CS239-1 Homework Assignment #2 - April 19, 2007

Homework is due at the beginning of class, Thursday, April 26, 2007

(26 points) The Conquest file system actually consisted of two sub-file systems. There was a file system that held all files' metadata and the complete data for all files smaller than 1 Mbyte in persistent RAM, and a simple disk file system that stored the data for all files larger than 1 Mbyte in a format optimized for sequential access to the data. The assumption was that large files would be accessed almost entirely sequentially, which could be done very efficiently from this file system. Assume metadata operations take a characteristically different time than small file accesses, due to a somewhat different path through the file system code.

We wish to design a model for a generator to create a workload for the Conquest file system. We have obtained a file system trace and below characterize it by the accesses to metadata, the accesses to small files, the sequential accesses to large files (defined as either accessing the first byte of a large file, or the byte immediately after the last byte of the file that was accessed), and the non-sequential accesses to large files (defined as any other pattern of access to a large file than that defined as sequential access).

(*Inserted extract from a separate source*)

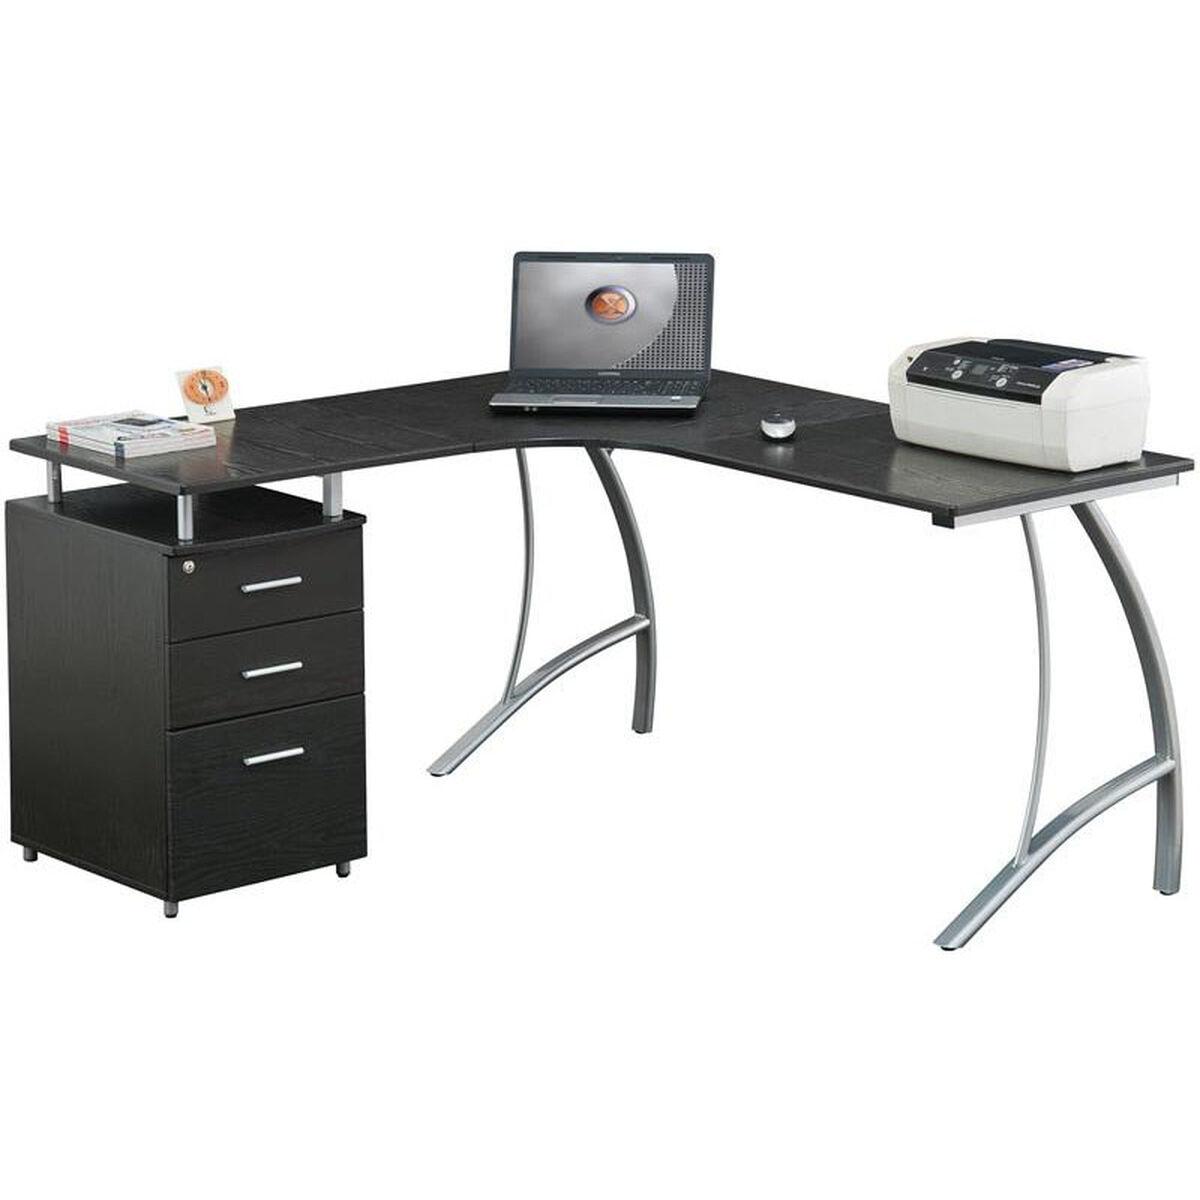 Our Techni Mobili L Shape Corner Desk With File Cabinet Espresso Is On Now

The table below shows how often each type of operation was performed and how often each other operation immediately followed it.

M = metadata (100,000 total operations) SF = small file (500,000 total operations) SLF = sequential access to large files (225,000 total operations) NLF = non-sequential access to large files (50,000 total operations)

Next operation operation M SF SLF NLF M 31,500 65,000 3,000 500 SF 68,000 419,000 10,000 2,000 SLF 400 5,000 208,000 11,600 NLF 99 10,000 4,000 35,900

a) Create a model for this access pattern based on the probability of each kind of operation occurring. (6 points)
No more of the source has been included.